Presto! Changeo! Guantanamo! With a flip of his political wrist, George the Illusionist made secret prisons, whose existence had been vociferously denied, suddenly appear; whisked fourteen so-called high-profile terrorist suspects (though I don’t why they call them high profile if no one other than spy guys has ever heard of them) being held in said secret prisons off to that bastion of human rights, Guantanamo; then just as suddenly made the secret prisons disappear again. It seems these fourteen prisoners will now be treated as humans now that the CIA and foreign agents have what they want. Hey, I don’t like terrorists either, but I’m damned sure not in favor of torture, our government lying to us about secret prisons and tortured prisoners; and cover-ups. Ya gotta ask: What other tricks does George the Illusionist have up his pre-election sleeve?

Hercule Poirot? No, Hewlett Packard. After the shenanigans revealed at Hewlett-Packard this past week, Agatha Christie might want to ink a new series. Leaks, guys in raincoats wearing dark glasses and fedoras worn low on the forehead, deals and side deals, cloak and dagger investigations, clashes, lawsuits, criminal charges, a disgruntled board member giving the board one finger and doing a lot of pointing with another; it doesn’t get any better than this. That sound you hear is the collective drool of corporate intrigue novelists sharpening their pencils.

Rotten Eighty-Two-Year Old Kid? Has Brooke Astor’s eighty-two-year old son, Anthony Marshall, been ripping off the estate in favor of his own pockets and lavish life-style? His son Phillip and JP Morgan Chase bank seem to think so, maybe to the tune of $25 million or so, and are pressing the issue in court. Marshall says the bank has shown unrelenting hostility, and one of his lawyers said, “It is a completely bogus and bloated claim that just piles on the kitchen sink, indiscriminately.” Huh? Well, piling up on the kitchen sink or not, it is all such a tawdry chapter in the life of a great and generous philanthropist who, at age 104 and ailing, will always be known as one of New York City’s most gracious ladies.

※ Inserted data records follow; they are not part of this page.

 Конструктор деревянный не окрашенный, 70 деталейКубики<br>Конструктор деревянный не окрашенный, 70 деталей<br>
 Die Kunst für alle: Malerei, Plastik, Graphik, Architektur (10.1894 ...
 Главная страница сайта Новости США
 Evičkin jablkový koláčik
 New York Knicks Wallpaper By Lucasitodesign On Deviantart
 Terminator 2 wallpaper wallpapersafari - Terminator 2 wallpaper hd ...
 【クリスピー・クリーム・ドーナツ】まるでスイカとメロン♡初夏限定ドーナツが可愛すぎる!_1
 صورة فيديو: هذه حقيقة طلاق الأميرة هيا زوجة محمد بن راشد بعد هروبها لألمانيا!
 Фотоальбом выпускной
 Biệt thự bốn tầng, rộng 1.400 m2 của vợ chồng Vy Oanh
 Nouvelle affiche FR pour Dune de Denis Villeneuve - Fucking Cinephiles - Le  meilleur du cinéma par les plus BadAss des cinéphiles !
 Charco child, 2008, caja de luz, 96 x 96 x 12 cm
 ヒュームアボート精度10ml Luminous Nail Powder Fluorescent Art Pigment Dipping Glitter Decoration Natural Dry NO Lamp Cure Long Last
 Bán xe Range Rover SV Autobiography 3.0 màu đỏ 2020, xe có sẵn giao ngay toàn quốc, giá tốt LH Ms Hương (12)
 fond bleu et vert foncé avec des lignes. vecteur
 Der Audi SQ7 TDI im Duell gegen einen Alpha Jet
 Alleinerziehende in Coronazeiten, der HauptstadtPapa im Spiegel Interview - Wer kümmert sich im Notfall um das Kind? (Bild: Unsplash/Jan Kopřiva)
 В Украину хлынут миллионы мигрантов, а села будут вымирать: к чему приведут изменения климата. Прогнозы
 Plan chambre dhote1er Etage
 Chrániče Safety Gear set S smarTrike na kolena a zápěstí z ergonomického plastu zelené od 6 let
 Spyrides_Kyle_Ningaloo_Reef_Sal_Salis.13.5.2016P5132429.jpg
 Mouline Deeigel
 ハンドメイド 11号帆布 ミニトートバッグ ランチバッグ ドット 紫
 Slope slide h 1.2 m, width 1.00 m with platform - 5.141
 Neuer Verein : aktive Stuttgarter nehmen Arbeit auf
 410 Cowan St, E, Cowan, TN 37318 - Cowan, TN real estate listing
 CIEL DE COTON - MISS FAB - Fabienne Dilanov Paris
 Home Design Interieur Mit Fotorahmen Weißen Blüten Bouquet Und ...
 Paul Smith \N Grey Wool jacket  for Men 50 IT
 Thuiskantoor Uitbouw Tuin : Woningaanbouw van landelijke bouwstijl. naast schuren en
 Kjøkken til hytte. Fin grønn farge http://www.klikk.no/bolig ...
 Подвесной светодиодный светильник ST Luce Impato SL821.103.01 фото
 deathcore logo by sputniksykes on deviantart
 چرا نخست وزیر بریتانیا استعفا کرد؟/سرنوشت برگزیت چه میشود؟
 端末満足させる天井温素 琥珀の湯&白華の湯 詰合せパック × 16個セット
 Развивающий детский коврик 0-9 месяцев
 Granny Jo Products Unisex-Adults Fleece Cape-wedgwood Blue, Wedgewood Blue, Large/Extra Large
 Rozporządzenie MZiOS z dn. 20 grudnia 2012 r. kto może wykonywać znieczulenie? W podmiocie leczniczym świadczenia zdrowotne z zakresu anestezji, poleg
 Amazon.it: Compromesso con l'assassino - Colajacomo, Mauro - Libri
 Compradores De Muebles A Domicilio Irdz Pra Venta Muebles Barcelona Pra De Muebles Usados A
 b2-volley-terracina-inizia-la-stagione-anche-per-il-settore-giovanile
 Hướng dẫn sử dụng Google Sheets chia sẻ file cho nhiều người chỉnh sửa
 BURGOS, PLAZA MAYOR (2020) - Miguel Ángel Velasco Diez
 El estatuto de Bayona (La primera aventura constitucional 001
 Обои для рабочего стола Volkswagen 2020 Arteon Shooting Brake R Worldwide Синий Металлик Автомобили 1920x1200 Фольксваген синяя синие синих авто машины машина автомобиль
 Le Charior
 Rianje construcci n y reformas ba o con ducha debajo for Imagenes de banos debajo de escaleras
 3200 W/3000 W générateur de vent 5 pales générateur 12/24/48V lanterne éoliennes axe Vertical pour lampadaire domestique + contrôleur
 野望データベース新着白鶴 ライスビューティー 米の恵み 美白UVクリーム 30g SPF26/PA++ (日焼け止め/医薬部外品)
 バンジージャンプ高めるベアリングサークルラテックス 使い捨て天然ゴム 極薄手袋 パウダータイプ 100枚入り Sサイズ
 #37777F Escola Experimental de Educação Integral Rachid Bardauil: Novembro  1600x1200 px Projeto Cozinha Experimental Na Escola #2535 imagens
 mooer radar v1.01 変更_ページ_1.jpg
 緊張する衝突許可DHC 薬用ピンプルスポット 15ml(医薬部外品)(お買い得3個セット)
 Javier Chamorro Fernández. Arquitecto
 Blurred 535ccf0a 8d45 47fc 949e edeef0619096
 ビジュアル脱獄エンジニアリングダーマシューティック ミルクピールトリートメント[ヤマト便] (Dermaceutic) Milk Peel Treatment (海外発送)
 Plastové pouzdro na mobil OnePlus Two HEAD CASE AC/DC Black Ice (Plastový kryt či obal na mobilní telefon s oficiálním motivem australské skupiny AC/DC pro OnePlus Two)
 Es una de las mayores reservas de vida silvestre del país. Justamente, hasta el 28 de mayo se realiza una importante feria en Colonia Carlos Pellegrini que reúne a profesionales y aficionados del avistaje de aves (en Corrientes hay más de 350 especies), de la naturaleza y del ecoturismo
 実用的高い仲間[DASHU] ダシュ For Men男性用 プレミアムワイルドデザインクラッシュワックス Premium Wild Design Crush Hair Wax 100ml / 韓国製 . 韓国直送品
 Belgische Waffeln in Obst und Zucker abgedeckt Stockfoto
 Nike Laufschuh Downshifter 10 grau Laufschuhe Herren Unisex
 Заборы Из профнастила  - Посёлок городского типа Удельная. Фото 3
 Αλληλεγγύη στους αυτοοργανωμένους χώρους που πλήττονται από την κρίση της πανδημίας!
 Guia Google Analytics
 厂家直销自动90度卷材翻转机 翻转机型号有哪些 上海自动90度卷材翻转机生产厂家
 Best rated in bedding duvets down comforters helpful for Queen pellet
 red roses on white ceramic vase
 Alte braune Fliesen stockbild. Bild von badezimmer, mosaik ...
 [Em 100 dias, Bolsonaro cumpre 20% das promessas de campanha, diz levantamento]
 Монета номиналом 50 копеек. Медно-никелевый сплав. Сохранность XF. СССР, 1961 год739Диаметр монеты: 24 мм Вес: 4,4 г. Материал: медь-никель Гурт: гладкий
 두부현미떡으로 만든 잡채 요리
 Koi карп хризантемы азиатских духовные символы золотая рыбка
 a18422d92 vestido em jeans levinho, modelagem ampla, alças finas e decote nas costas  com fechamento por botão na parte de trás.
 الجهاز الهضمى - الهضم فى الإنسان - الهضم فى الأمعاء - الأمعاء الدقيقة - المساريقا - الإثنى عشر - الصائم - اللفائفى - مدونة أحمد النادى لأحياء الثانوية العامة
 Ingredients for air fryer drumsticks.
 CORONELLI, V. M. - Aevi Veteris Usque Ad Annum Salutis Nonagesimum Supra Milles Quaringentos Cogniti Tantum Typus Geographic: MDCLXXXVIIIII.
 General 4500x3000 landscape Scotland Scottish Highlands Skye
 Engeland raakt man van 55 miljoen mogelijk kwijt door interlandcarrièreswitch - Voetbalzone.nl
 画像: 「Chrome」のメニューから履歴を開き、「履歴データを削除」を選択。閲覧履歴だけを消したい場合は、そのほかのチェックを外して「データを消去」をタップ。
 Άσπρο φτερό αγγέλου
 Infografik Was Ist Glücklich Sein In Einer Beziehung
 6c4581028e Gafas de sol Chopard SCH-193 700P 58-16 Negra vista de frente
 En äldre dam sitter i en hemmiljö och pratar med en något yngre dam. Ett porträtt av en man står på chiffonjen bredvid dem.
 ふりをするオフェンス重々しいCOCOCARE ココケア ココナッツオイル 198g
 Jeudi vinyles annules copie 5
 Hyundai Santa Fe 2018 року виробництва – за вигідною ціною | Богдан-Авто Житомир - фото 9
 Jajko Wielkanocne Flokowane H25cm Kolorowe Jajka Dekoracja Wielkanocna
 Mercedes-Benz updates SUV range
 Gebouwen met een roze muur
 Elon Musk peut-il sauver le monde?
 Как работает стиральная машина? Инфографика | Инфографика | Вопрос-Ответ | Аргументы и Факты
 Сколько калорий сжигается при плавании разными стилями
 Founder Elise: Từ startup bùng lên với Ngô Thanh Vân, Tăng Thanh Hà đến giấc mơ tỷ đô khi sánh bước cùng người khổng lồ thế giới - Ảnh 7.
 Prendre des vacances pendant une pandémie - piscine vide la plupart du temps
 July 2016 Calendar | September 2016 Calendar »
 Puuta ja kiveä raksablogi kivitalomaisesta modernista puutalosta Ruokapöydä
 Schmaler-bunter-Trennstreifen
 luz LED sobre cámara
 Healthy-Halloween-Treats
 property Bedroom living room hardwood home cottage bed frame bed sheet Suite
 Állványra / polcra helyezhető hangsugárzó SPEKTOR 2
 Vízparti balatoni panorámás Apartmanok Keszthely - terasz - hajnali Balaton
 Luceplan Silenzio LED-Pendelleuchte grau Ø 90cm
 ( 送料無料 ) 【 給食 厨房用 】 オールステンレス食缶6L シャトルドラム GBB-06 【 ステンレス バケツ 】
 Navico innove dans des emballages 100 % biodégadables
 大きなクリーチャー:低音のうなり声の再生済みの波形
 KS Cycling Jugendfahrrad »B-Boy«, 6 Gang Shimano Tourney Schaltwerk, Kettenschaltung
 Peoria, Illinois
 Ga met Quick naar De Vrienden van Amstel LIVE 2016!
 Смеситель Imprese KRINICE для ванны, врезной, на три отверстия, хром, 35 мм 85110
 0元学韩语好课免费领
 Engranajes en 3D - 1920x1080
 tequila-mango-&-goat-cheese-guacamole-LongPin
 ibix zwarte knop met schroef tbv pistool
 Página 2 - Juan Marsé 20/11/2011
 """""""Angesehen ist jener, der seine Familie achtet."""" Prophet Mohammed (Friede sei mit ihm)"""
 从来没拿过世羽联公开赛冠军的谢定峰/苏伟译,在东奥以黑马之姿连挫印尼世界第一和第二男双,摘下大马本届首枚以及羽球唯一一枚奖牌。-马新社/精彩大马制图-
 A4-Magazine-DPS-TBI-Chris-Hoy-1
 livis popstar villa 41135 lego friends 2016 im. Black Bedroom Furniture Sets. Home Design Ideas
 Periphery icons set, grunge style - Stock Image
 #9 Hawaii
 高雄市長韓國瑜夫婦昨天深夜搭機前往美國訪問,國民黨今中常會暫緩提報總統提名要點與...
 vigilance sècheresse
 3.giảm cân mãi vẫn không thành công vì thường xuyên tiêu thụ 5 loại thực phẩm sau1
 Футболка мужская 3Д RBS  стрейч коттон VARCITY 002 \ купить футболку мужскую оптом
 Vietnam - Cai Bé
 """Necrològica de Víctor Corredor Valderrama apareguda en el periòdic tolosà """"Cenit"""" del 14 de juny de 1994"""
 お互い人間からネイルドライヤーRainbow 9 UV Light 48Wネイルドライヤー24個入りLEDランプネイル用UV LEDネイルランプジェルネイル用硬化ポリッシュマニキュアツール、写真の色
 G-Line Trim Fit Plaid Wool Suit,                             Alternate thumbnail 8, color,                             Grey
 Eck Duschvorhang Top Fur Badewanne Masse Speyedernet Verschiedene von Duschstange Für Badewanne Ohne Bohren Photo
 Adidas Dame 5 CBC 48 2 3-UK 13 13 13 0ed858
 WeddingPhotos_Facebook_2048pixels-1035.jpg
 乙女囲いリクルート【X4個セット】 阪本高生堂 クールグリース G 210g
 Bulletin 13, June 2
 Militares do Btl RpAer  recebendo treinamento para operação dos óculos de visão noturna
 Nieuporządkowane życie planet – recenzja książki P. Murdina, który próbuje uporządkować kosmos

Wal-Mart, We Love You $o, $o Much It’s getting so you can’t trust anyone these days. Wait a minute, did I say ‘getting’; baby, we passed ‘getting’ a long time ago. It seems conservative research groups like the American Enterprise Institute, Heritage Foundation, and the Manhattan Institute, aggressive defenders of Wal-Mart to reporters and government, have been getting big bucks from the Walton Family Foundation run by Wal-Mart founder Sam Walton’s three children. Hey, we’re talking conservative research groups here; what did we expect? The problem is non-disclosure. We know what’s going on; we know your pulling a scumbag scam; just remind us once in a while.

Metro-Goldwyn-Amazon? There’s a raft of companies, Amazon now included, that want you to download movies on your PC. How can they hope to compete without lousy ten dollar popcorn and sodas, broken and dirty seats, and people talking on cellphones? It just won’t be the same.

Corporate Crook Update Bernie Ebbers, 65, deposed as CEO of WorldCom because of orchestrating a paltry $11 billion accounting fraud, has run out of wiggle room. On September 26th, he reports for twenty-five-year duty at a yet to be named prison. Let’s see: 65 + 25 = 90. Hmmm?

Microsoft Plays Scare Card Microsoft said regulators pushing the anti-trust suit against Microsoft in Europe might cause a delay in the release of Windows Vista in Europe because of unclear guidelines. If only we could be so lucky. My XP still isn’t working right. In fact, it’s getting worse. Maybe it has built in obsolescence, or maybe it’s suffering from Microsoft reaching out in the dark of night and unleashing little Gatesean bugs under the guise of auto update.

Blair Benched! Tony’s boys give him the old thumbs down. He says he’ll leave within the year, but on his own timetable. We shall see.

That’s all for this week, my friends. Stay alert; don’t get screwed!